A three-year-old boy fell to his death from a Harlem apartment building on Saturday morning after neighbors and witnesses said they heard adults arguing from the 29th floor, as his devastated mother screamed out “my baby, my baby, he is up there,” from the street below.
The child, who has not been named as of Wednesday, fell onto fifth floor scaffolding from the 29th floor balcony of an apartment at the Taino Towers residential complex on Third Avenue between East 122nd and 123rd Streets, according to the New York Post.
One neighbor told the outlet that they heard a loud “boom” sound as the toddler landed, at first mistaking the noise for construction.
“It sounded like something really heavy. It sounded like construction,” Tangerine Castro, who lives on the 23rd floor, said of the thunderous noise. ”
We just started looking and everybody started coming out of their building,” she said. “Everybody that were upstairs that could see down, saw the little boy with the yellow shirt. He was flat in the scaffolding.”

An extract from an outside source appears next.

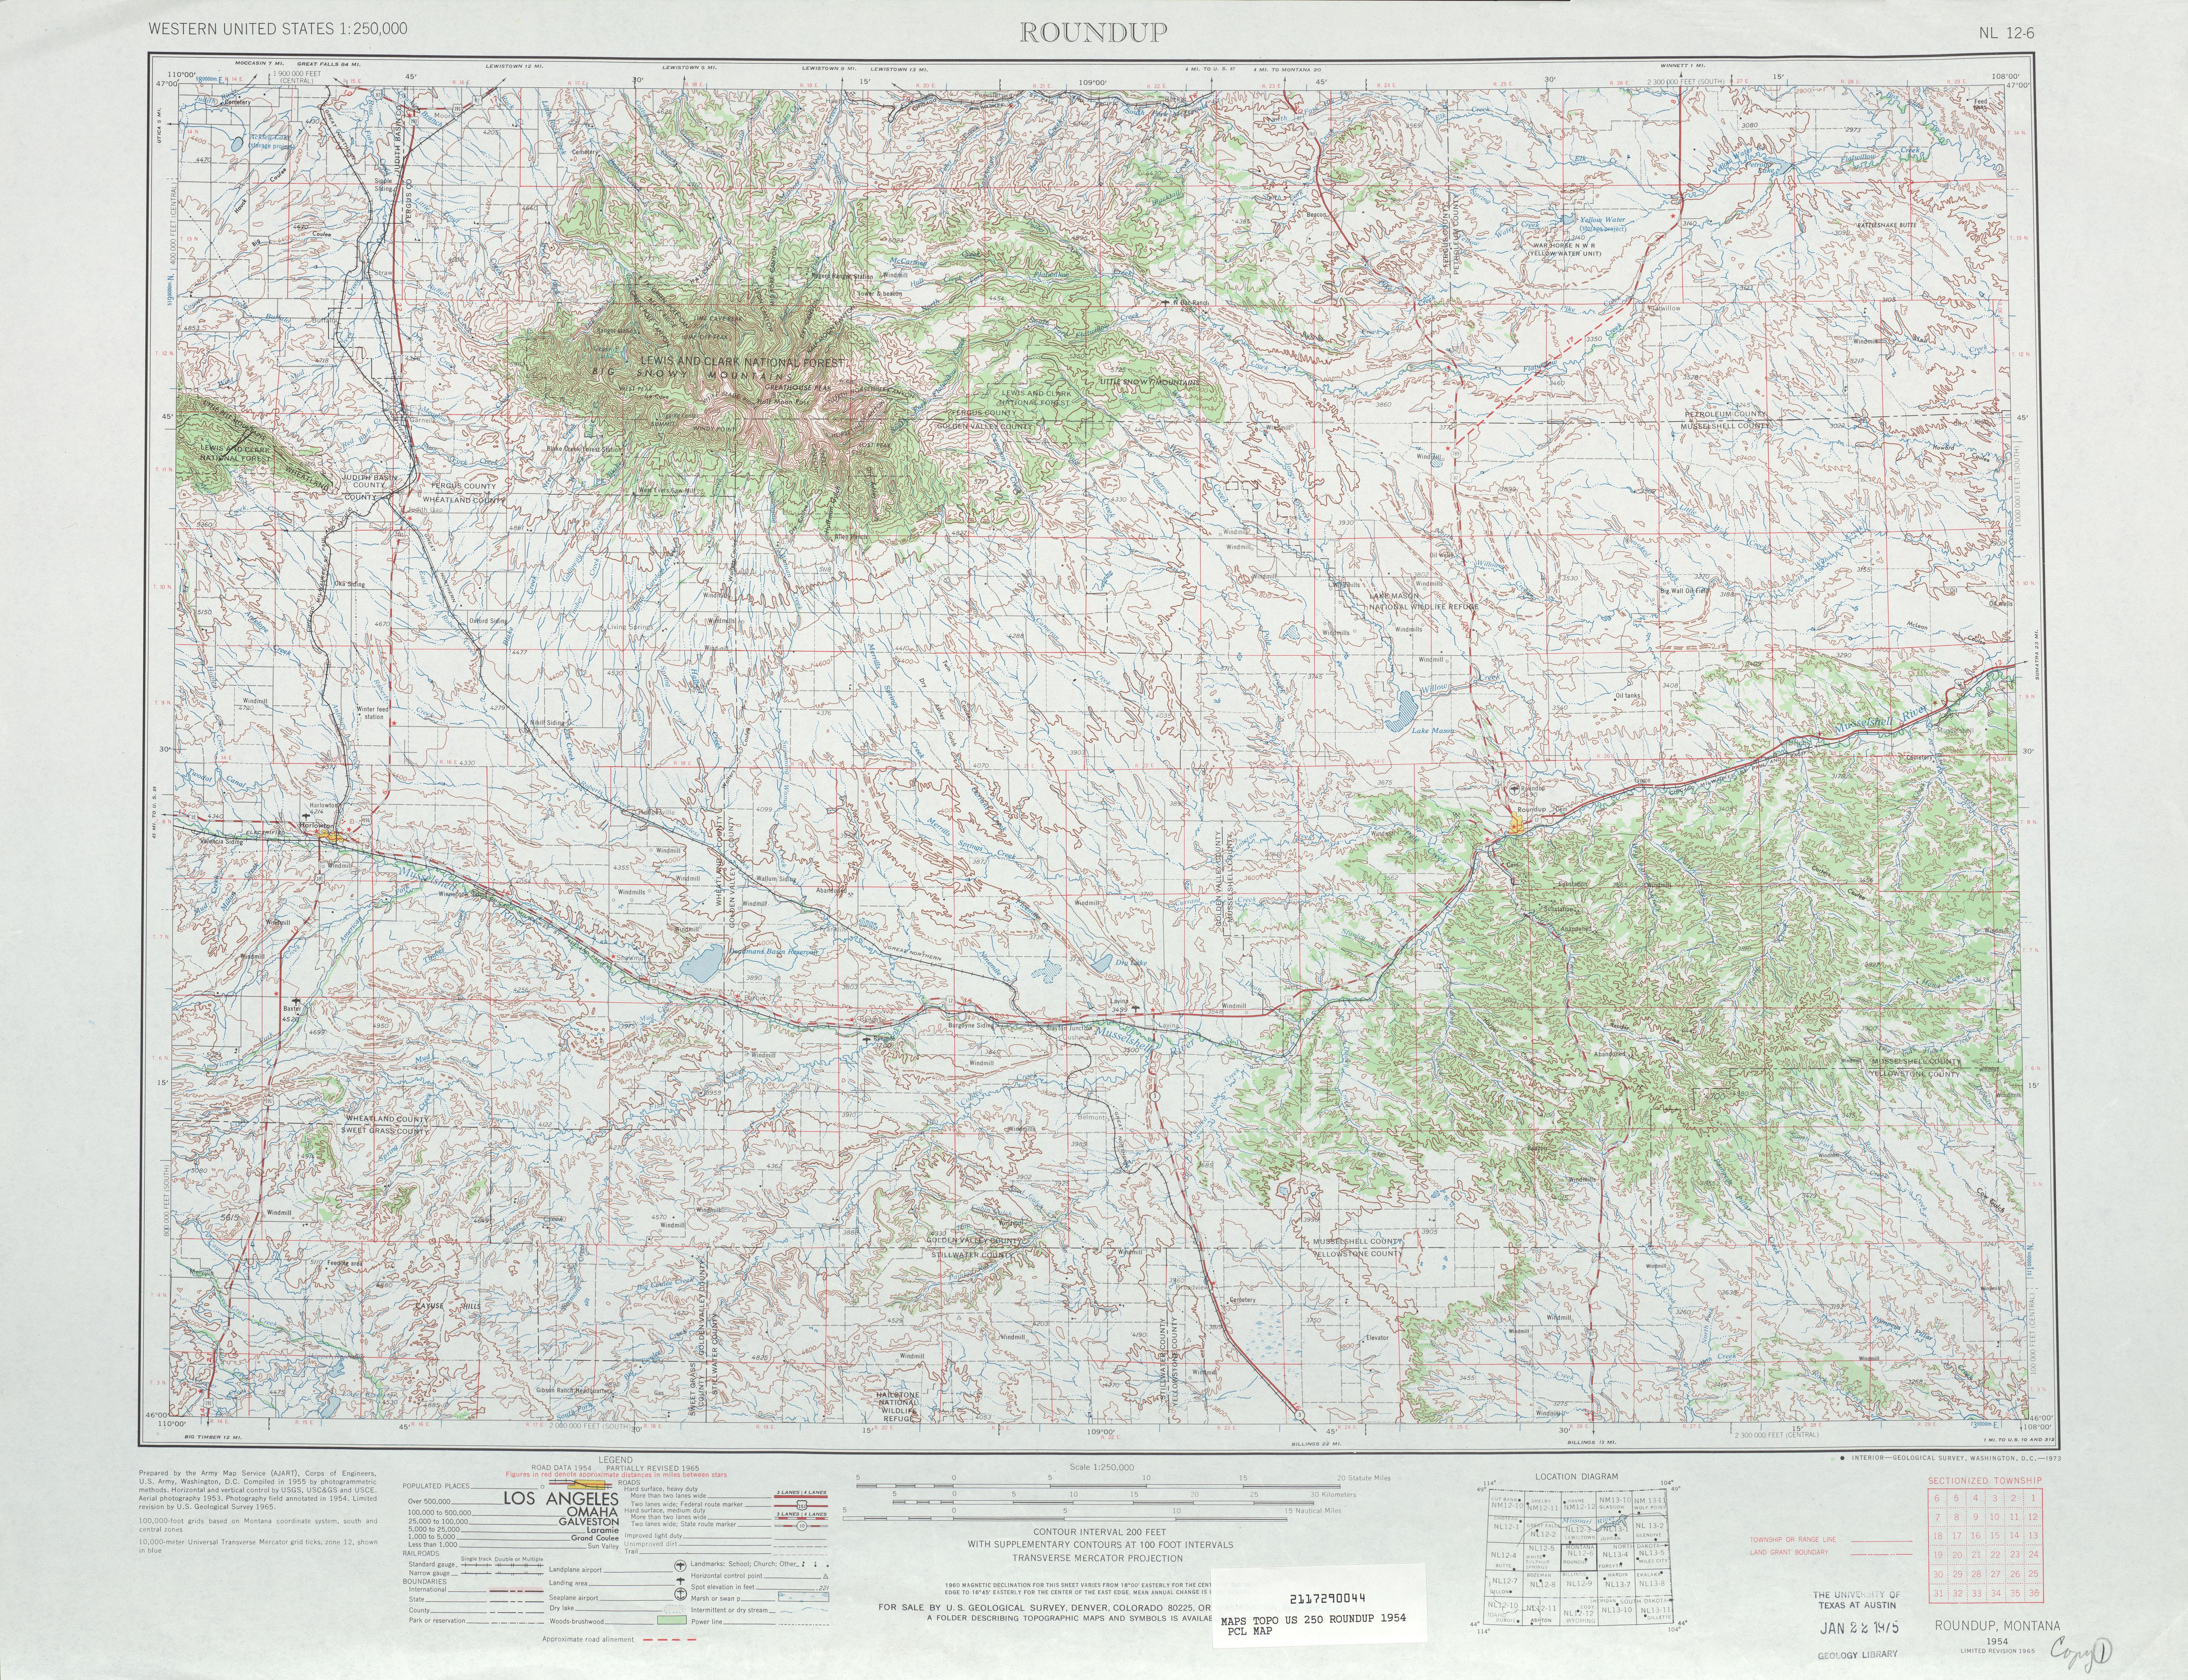 Hoja Roundup del Mapa Topográfico de los Estados Unidos 1965

Other neighbors and witnesses said that the boy’s father “ran downstairs crying,” before trying to climb onto the scaffolding to get to the child, but was unable to do so, The Post reports.
Neighbor Alexander Townsend told The Post that the child’s mother was screaming “my baby, my baby, is he up there?!” after the boy’s tragic fall.
“She was sitting on the ground in her socks,” Townsend said of the boy’s mother. “She was screaming, ‘My baby, my baby, he is up there.”
Nidia Cordero, 58, a foster mother who lived on the 34th floor of the building told the Post that her kids heard a “big fight” between adults on the 29th floor minutes before the toddler fell.
“When you look out the terrace you see the baby’s body. He was in his diapers and T-shirt,’ Cordero said. ”
Then you hear screams”‘ she added. “I think the mom was screaming and I looked and the baby was in the scaffolding.”
The boy was taken to nearby Harlem Hospital, where he was eventually pronounced dead at 11:30 am, according to NYPD. Preliminary reports state that the child’s fall was accidental.
The neighbor said she had seen the child before in the building elevator with his dad, telling The Post that the boy often looked “withdrawn” while adding she knew of domestic violence issues in the family.
Meanwhile, the NYPD would not comment on the domestic violence accusations, but did say an investigation into the incident is ongoing.
Tangerine Castro, 33, who lives on the 23rd floor, told The Post that the balconies are at least 30 years old and are currently being replaced, and that the mosquito netting on the balconies are all old as well.